The question of whether we can trust our computer systems was made newsworthy by Edward Snowden's revelations that the NSA and its partner agencies in other countries had comprehensively subverted the infrastructure of the Internet in the interest of surveillance. But it has been a major concern for the industry for a long time. As regards digital preservation, it led to the Trusted Repository Audit Certification program, which the CLOCKSS Archive is currently undergoing. One thing that this process has already revealed is that although the criteria against which the archive is assessed may individually be justified, the structure into which they are organized is not based on a comprehensive model of the threats against which the archive's content is to be defended. I have repeatedly pointed to the lack of explicit threat models for digital preservation systems.

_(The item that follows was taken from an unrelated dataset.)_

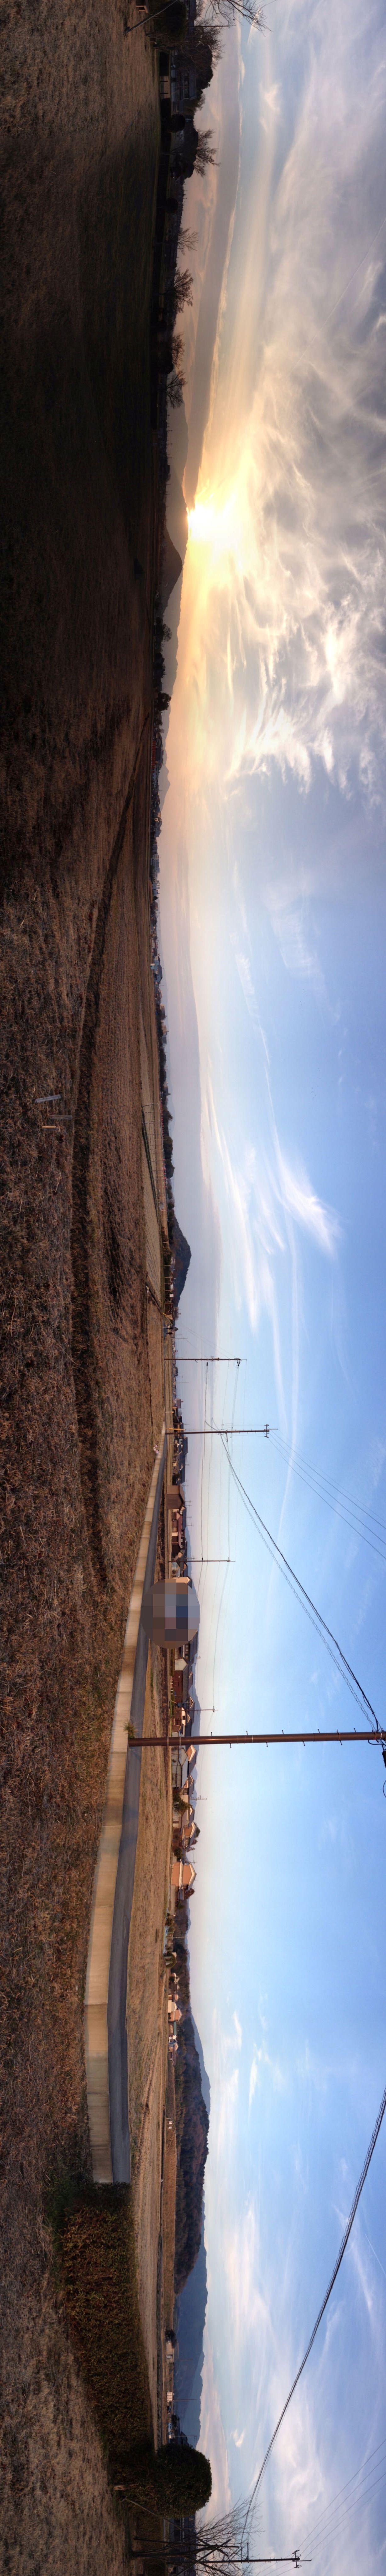 藤原宮跡から眺める大和三山(パノラマ写真)

If you look into the security settings for your browser you will find a long list of trusted certificate authorities. My Firefox has about 90 organizations in the list, not counting ones I explicitly added. Trust in "secure" connections to websites depends on trusting every single one of these organizations. If any one of them is acting against my interests, the little padlock icon is meaningless. The list includes, among many mysterious organizations I have no reason to trust:
And that's not all. Many of these organizations have decided that because I trust them, I also trust organizations which they declare are trustworthy. As of 2010, the EFF found more than 650 organizations that Internet Explorer and Firefox trusted, including the US Dept. of Homeland Security. The idea that none of these organizations could ever be convinced to act against my interests is ludicrous. SSL is a security architecture with at least one point of failure and, as it is deployed in browsers, a large number of points of failure.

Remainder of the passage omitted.